Я уже сказал, что Сов. Раб. Деп. ни разу не ставил на своих заседаниях вопроса об Учредительном Собрании и демократической республике, тем не менее отношение его к этим лозунгам, как вы видели из речей свидетелей рабочих, было вполне определенное. Да и как могло быть иначе? Ведь Совет возник не на пустом месте. Он явился тогда, когда русский пролетариат прошел уже сквозь 9 (22) января, через комиссию сенатора Шидловского и вообще через долгую, слишком долгую школу российского абсолютизма. Требования Учредительного Собрания, всеобщего голосования, демократической республики еще до Совета стали центральными лозунгами революционного пролетариата – наряду с восьмичасовым рабочим днем. Вот почему Совету ни разу не пришлось принципиально поднимать эти вопросы, – он просто заносил их в свои резолюции, как раз навсегда решенные.

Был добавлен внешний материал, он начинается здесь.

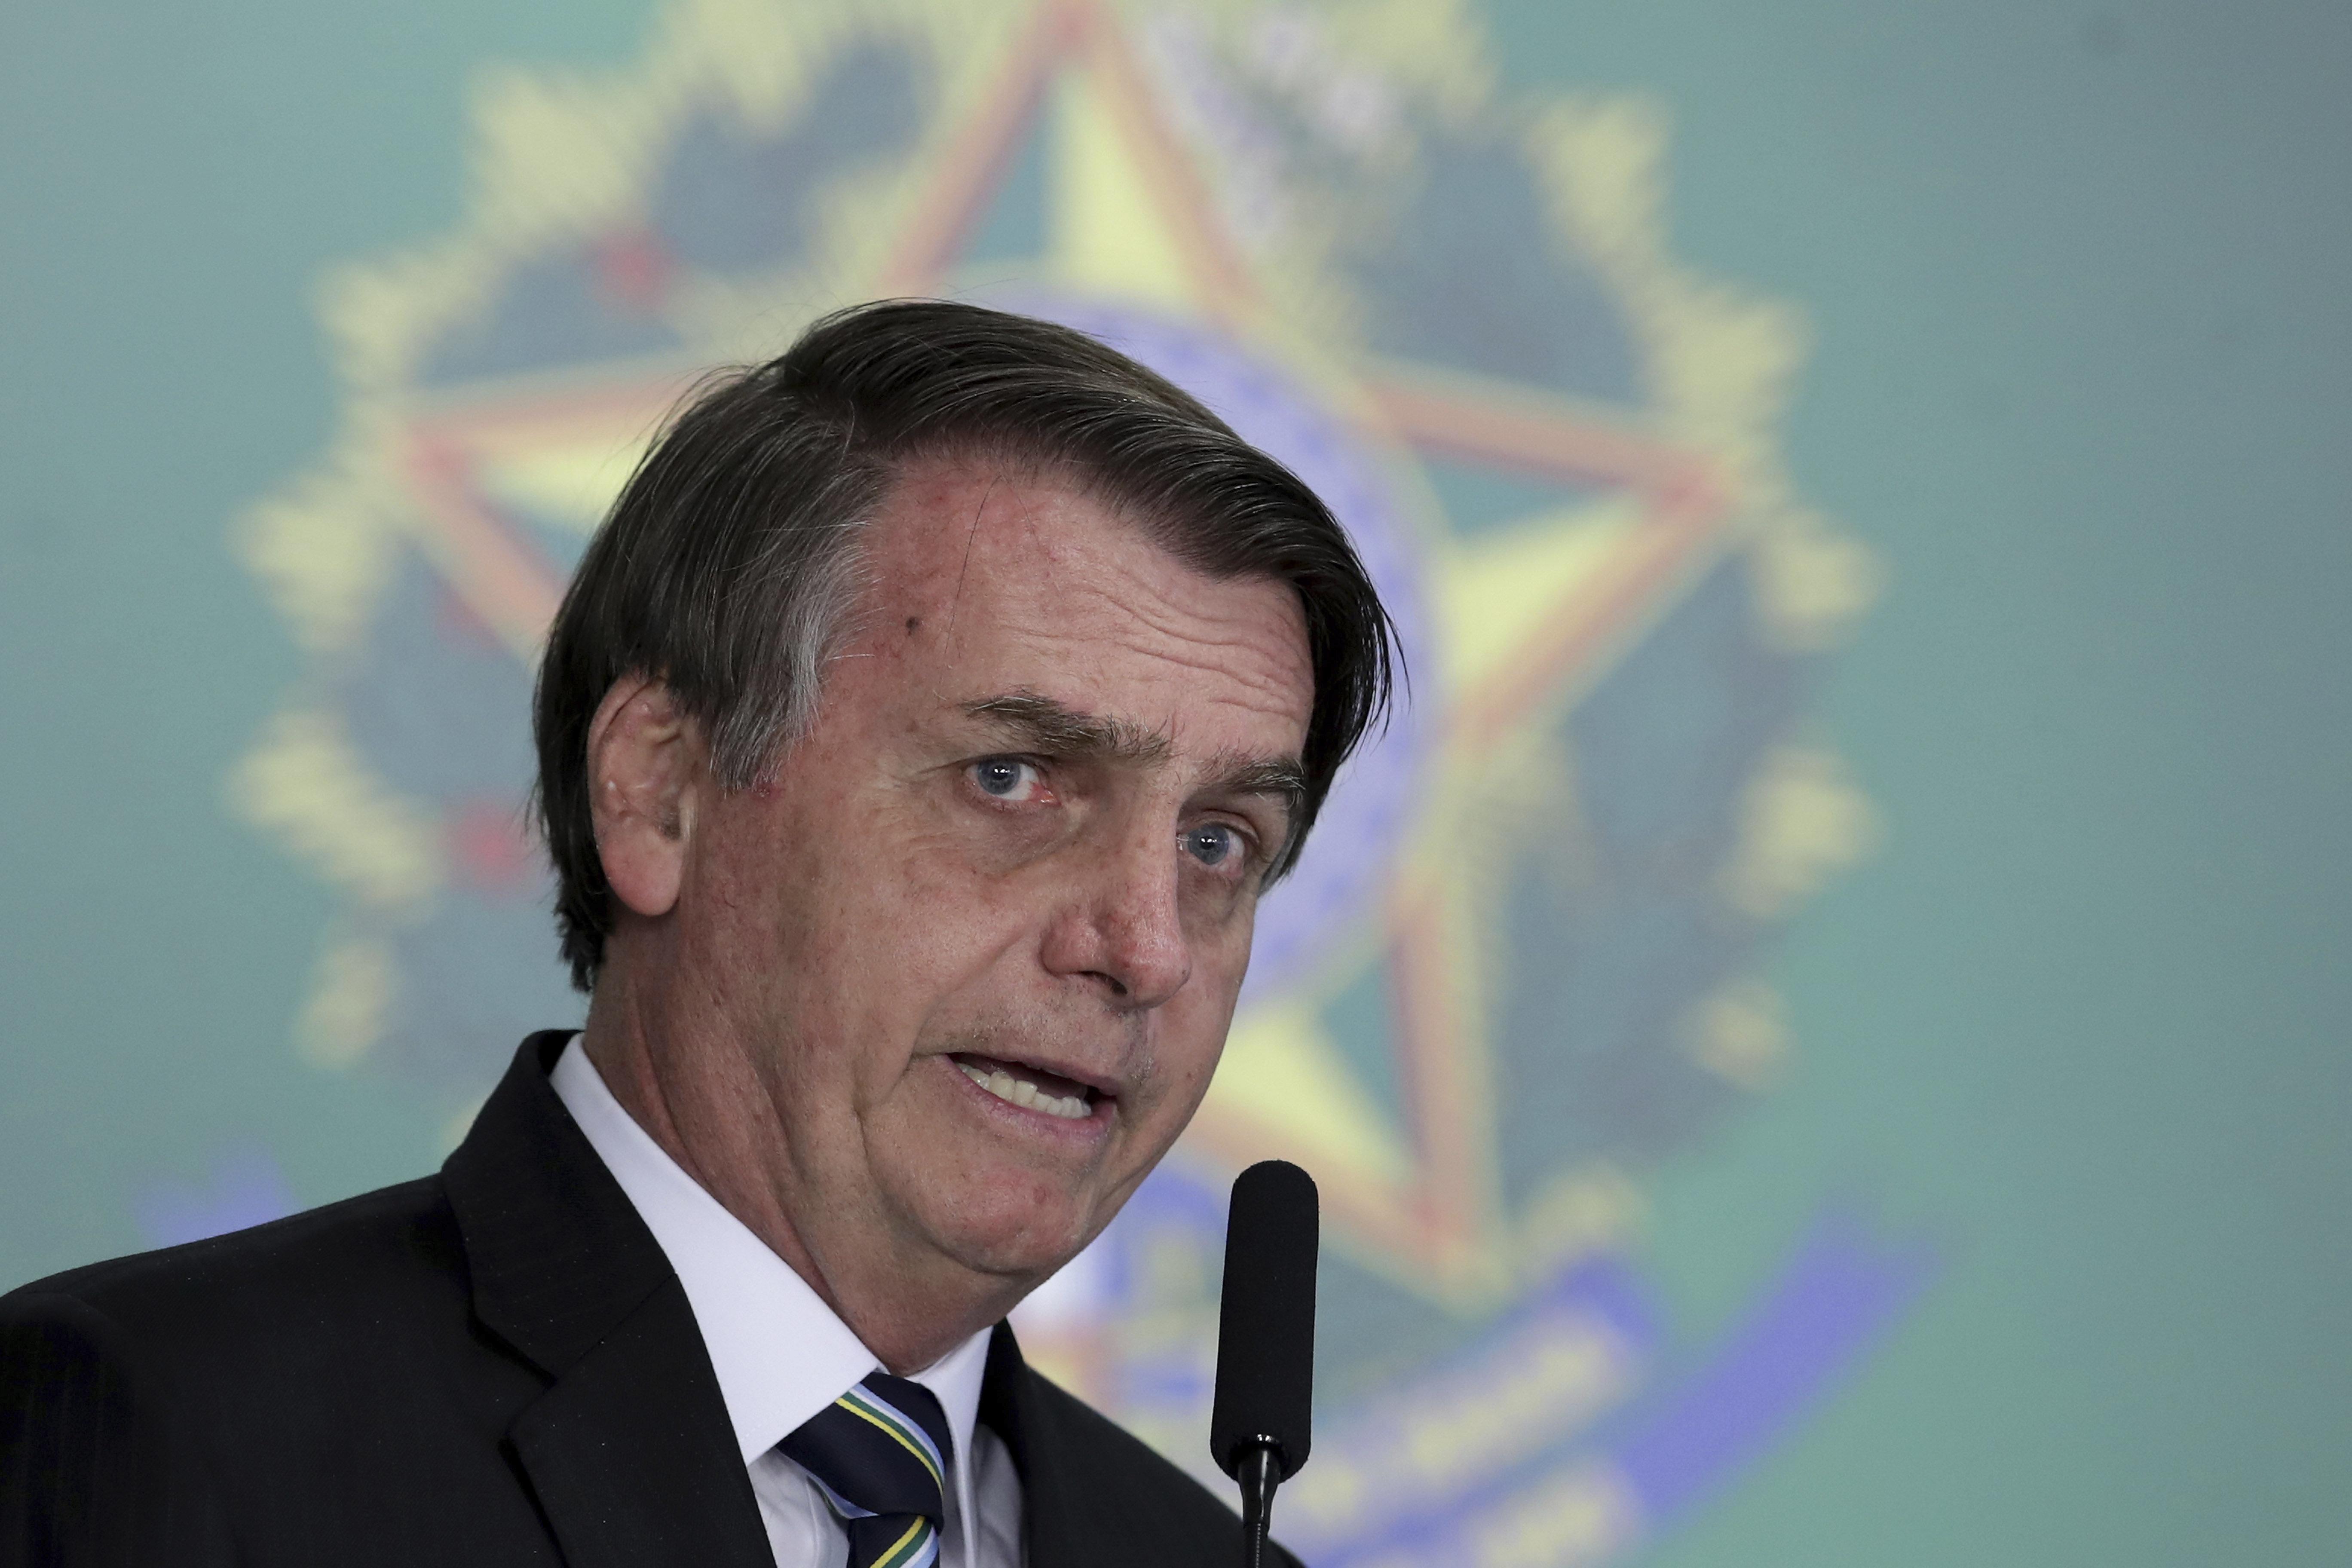 Rebuked By Israel, Brazil's Bolsonaro Clarifies Suggestion Holocaust Was Forgivable

То же самое было в сущности с идеей восстания.

Прежде чем перейти к этому центральному вопросу – к вооруженному восстанию, я должен предупредить, что насколько я выяснил себе отношение обвинительной власти и отчасти власти судебной к вооруженному восстанию, оно отличается от нашего отношения не только в смысле политическом или партийном, не только в смысле оценки, – против этого было бы бесполезно бороться, – нет, самое понятие вооруженного восстания, которое имеется у прокуратуры, коренным, глубочайшим, непримиримейшим образом отличается от того понятия, какое имел Совет и какое, я думаю, вместе с Советом, имел и имеет весь российский пролетариат.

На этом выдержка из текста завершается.